The run will be approximately 30'-35'. Has anyone ever used an HDMI signal for this long a run from AV Receiver to HDTV?

In my current home (selling/closing later this month) I have a 50' HDMI cable connecting my Pioneer VSX-1122k to Sony 55" LCD and has always felt sluggish. There have been several occasions where I have to turn the TV off and back on again to get the signal to come through ... wondering if I'll have the same issues at 30'. I would test on current setup but am being lazy and don't really have time to mess with it and would prefer not to fall through the attic before selling.


----------



## tonyvdb (Sep 5, 2007)

A decent 35' HDMI cable should have no issues, I use one and have never had any troubles with the Handshake.


----------



## rab-byte (Feb 1, 2011)

35' is fine usually. 

I'll recommend extenders past 50' usually. 

If you go the extender route stick with HDbaseT over single cat cable. Atlona and Leaf are great but do cost more.


----------



## alfa-74 (Aug 31, 2013)

I'm using a 30 ft redmere hdmi cable for my projector without any issue

See monoprice options


----------



## lashlee (Mar 31, 2014)

I've got one that I installed for a buddy, though I can't remember the brand of it.
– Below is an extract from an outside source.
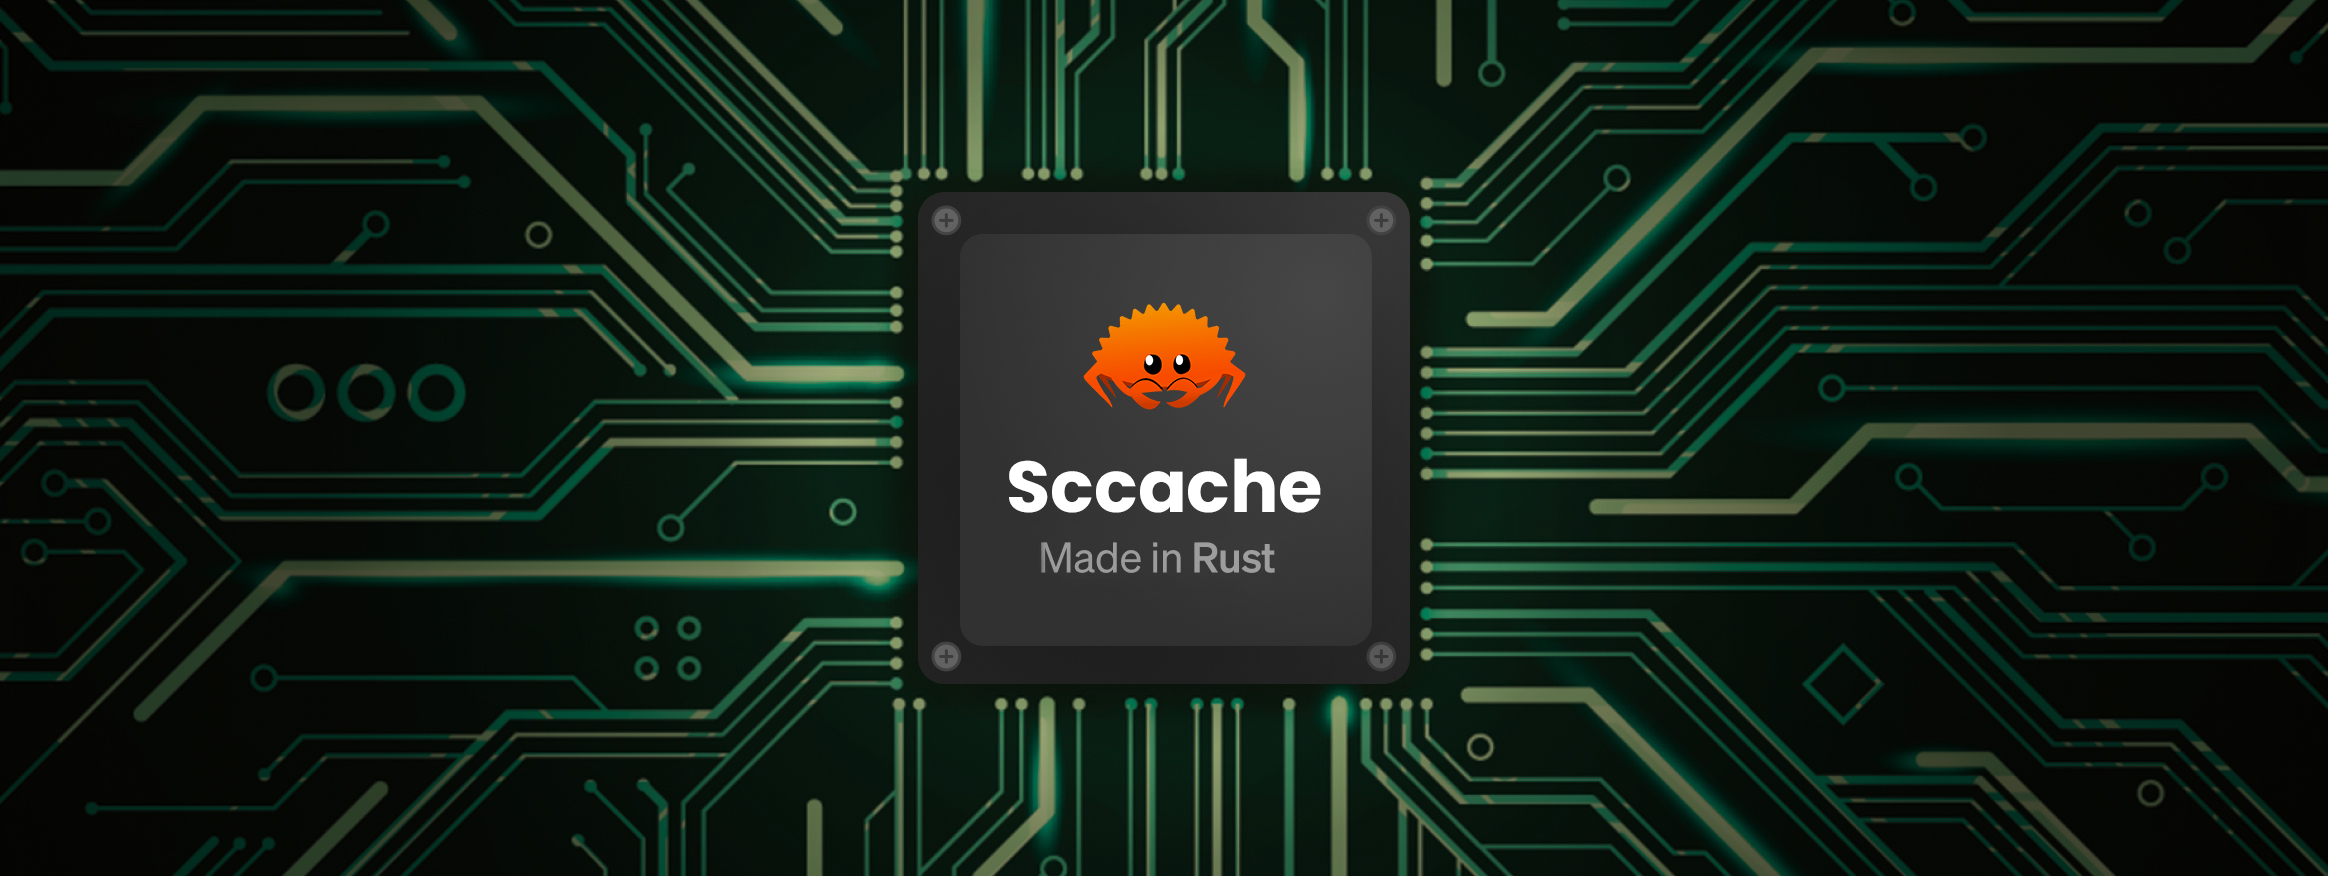 为什么你该试试 Sccache？

He had a random problem with a ceiling fan causing a video drop out when the fan was power cycled. I couldn't ever figure out why it had the problem but ended up running a regular 35' cable and the problem disappeared. I liked the idea of it since it was HDMI and IR over the two cat5 cables.


----------



## Steeve-O (Dec 3, 2010)

I bought a 50' HDMI cable from monoprice to hook my PC to my AVR and it work fine. You don't need anything fancy just make sure to grab an high speed one with a good large wire gauge and it will work fine. I think mine is 24 or 22 awg I might have gone overkill but it work.


----------



## seantx (Oct 12, 2014)

This helps, thanks everyone!


----------